Naidu presented the lively pictorial scenes of merchants, vendors, peddlers, goldsmiths, fruit men and flower girls selling their goods, they all similarly answer to the questions of purchaser who buy their articles after a detail bargaining. She presented the scene of the music produced by traditional instruments played by the musicians and the chantings of the magicians, the fruits like citron, pomegranate and plum are being sold by the fruit-men, while the vendors are weighing saffron, lentil and rice. The fragrance of sandalwood and henna can be smelt along with the smell of flowers which are woven into chaplets and garlands.

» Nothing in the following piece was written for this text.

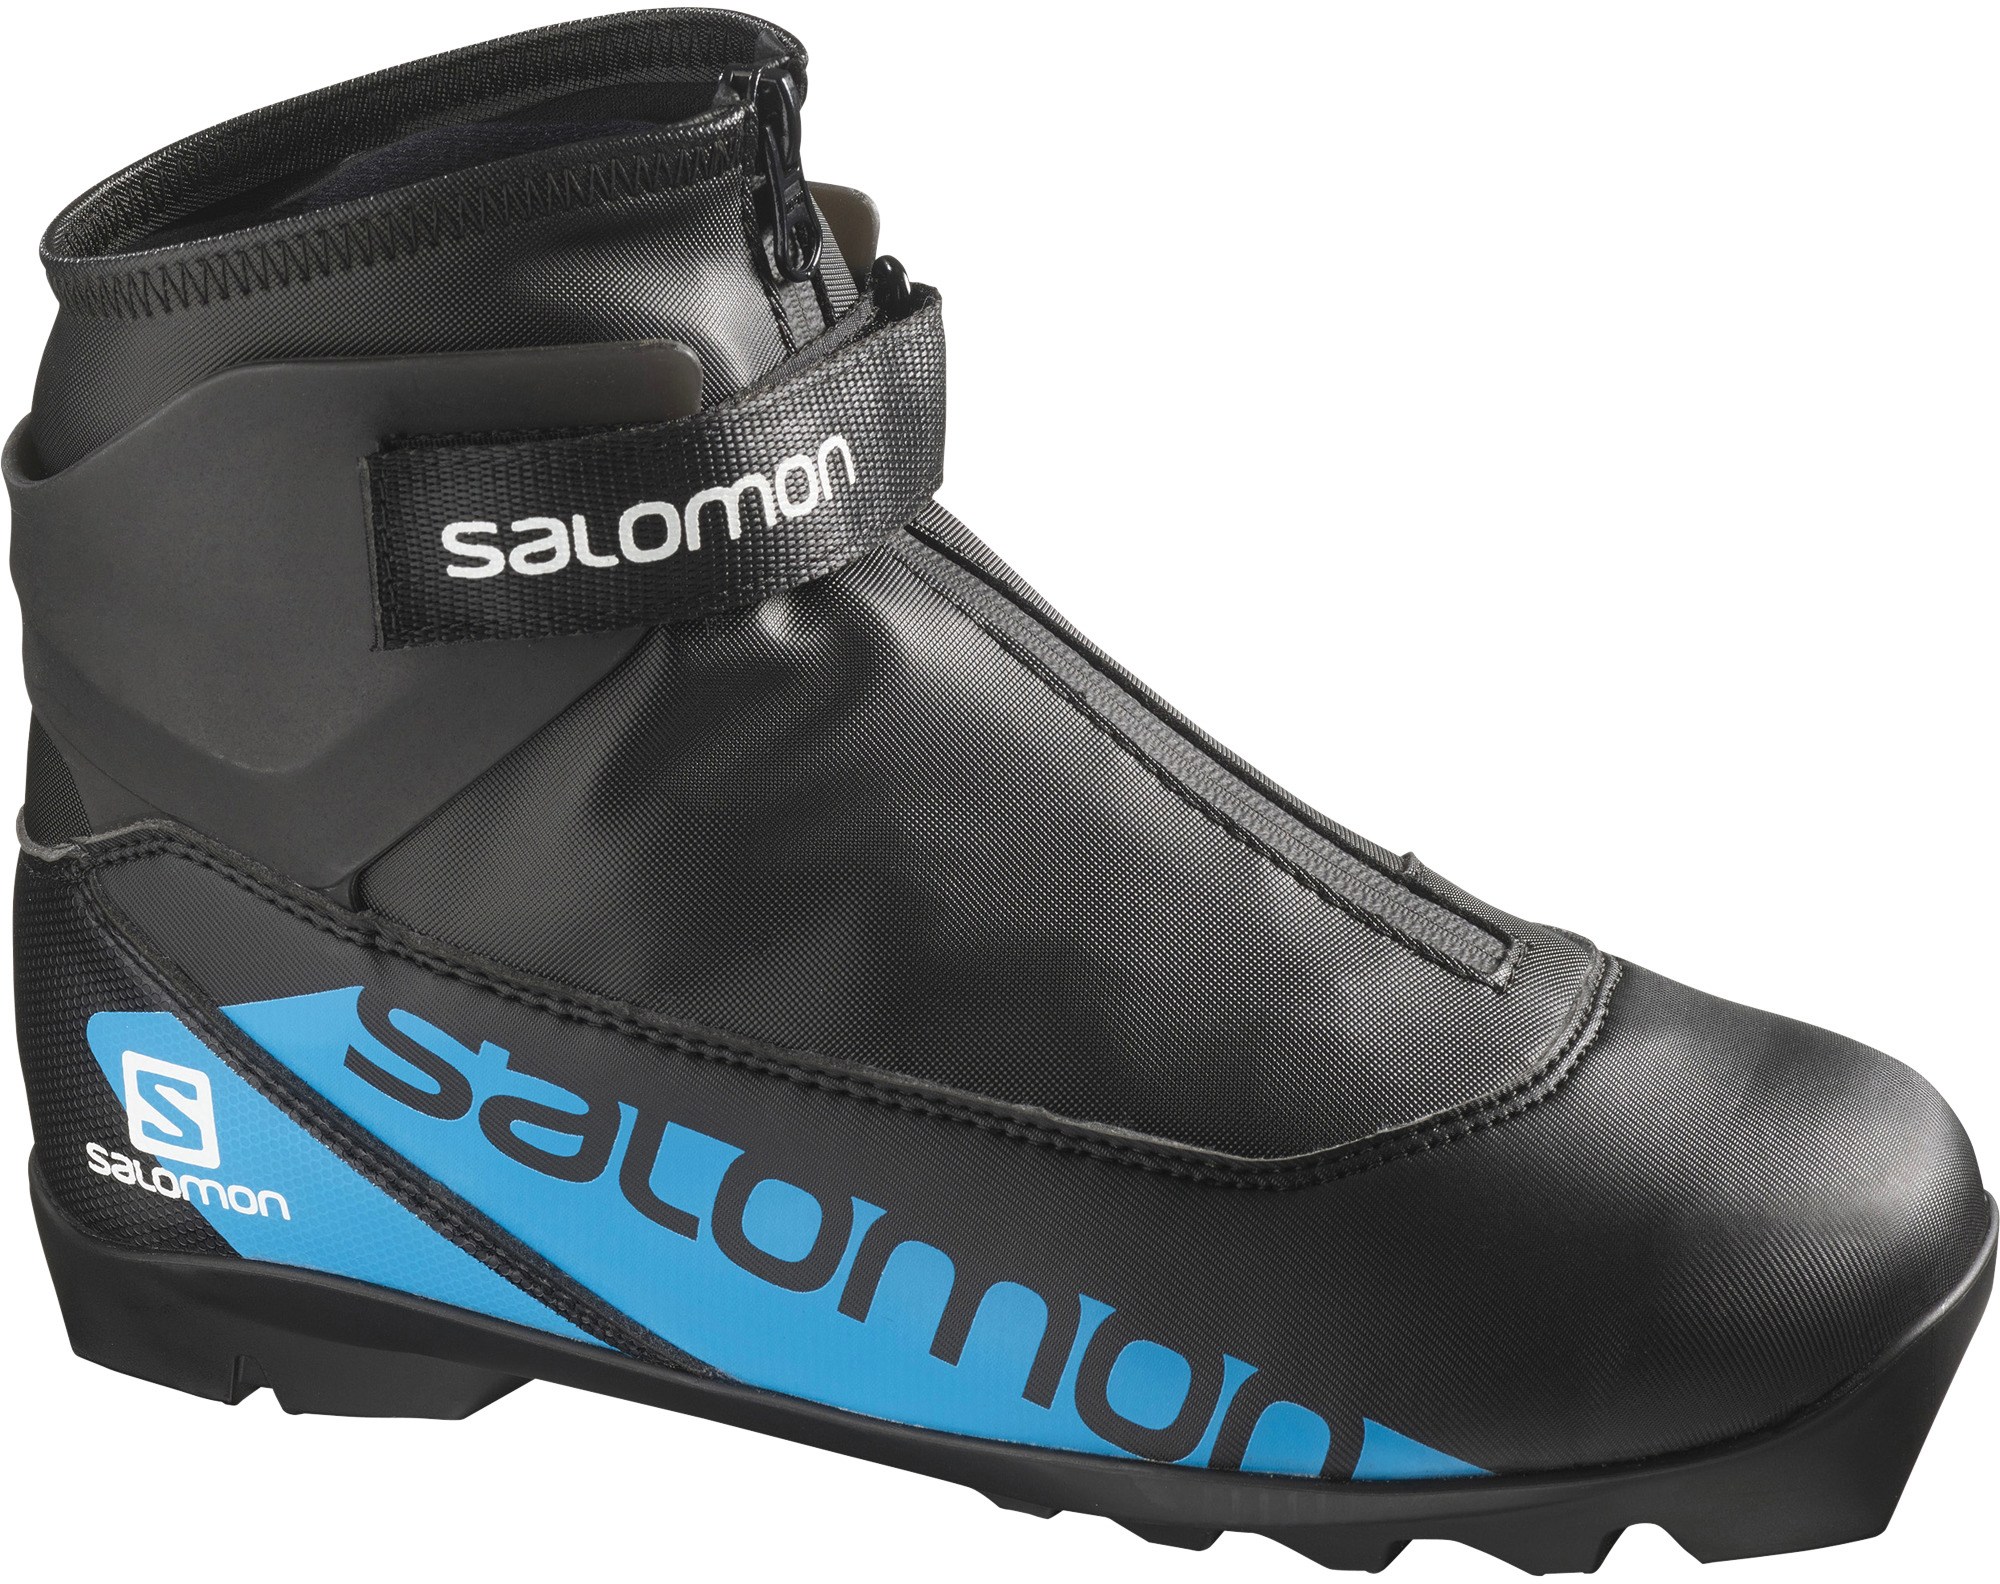 Ботинки для беговых лыж R/Combi — детские Salomon, черный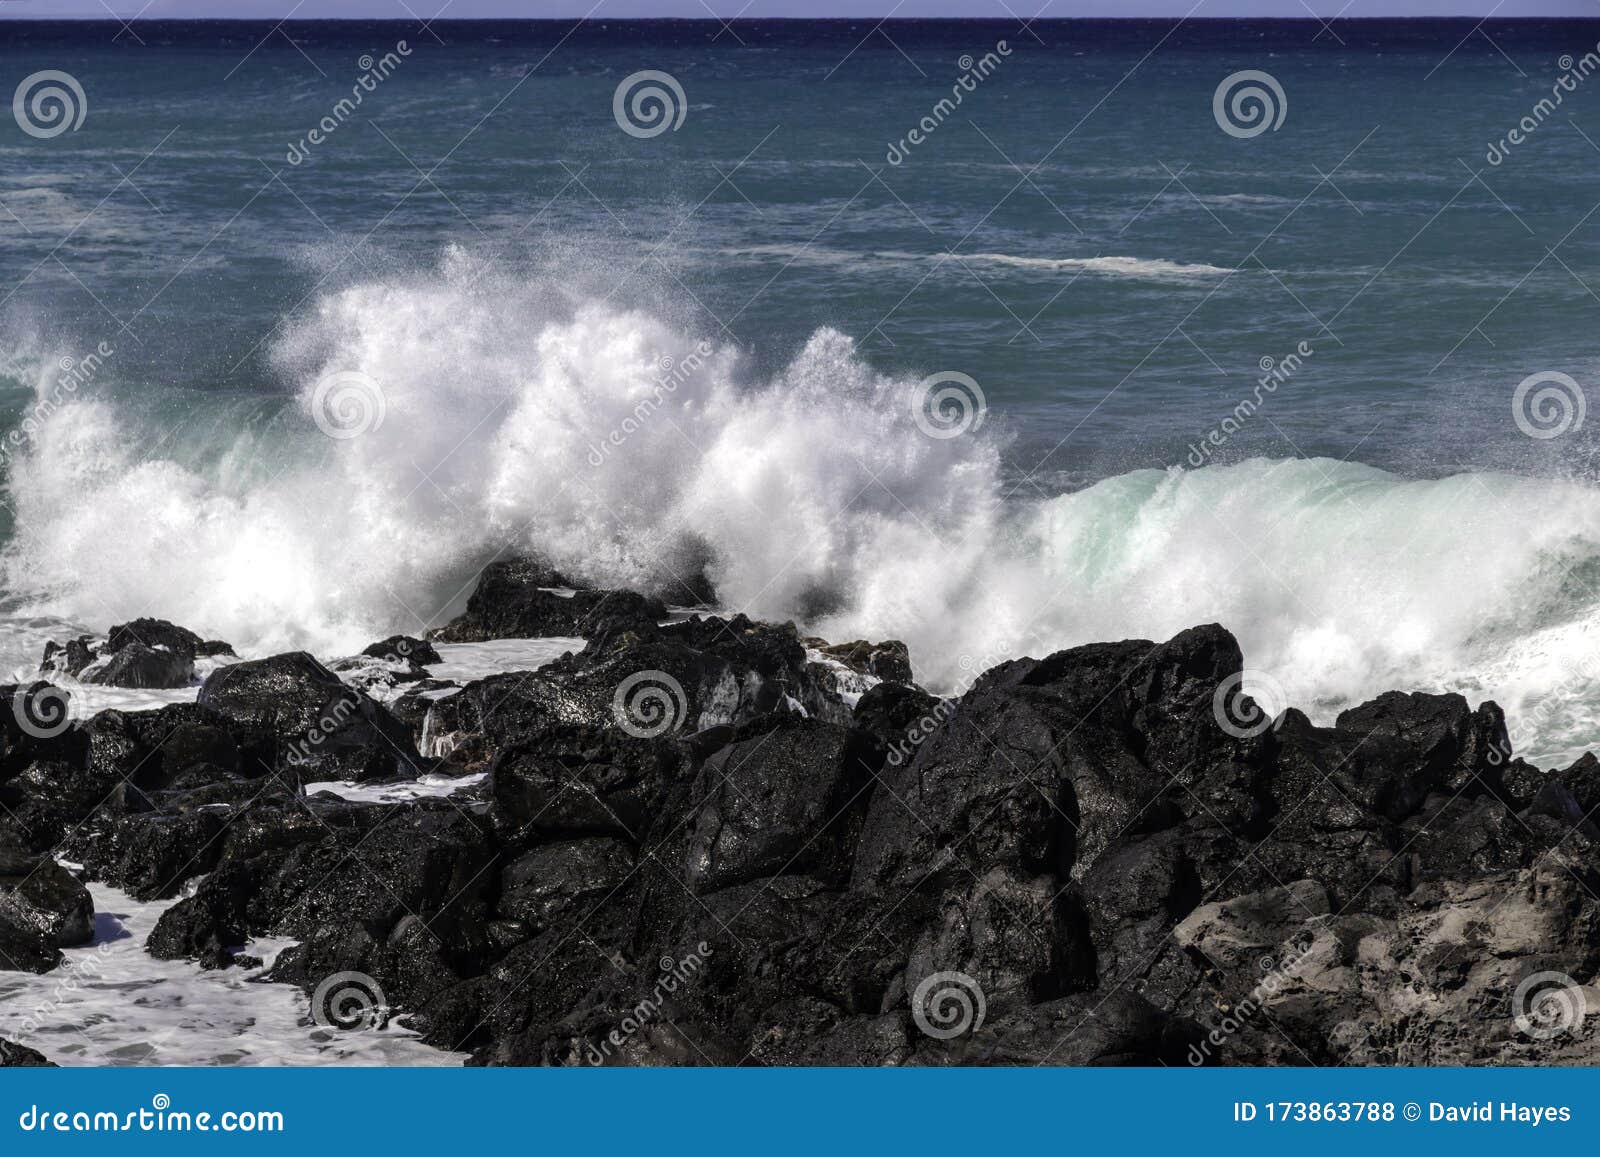 Wave Breaking On Black Volcanic Rocks Hawaiian Coast Blue Green

One can see the richness of wares in the bazaar; the poetess has mentioned coloures such as crimson, purple, silver, amber, azure and red. This shows what all goods are sold in a Hyderabadi bazaar. Turbans of crimson and silver, tunics of purple brocade, mirrors with panels of amber, daggers with handle of jade, chessmen, ivory dice, anklets, wristlets, rings, bells for the feet of blue pigeons, girdles of gold, and scabbards for the king are all examples of the expensive wares sold in the bazaars of Hyderabad. Sadly, few textbooks published in India on poetry carry her poems.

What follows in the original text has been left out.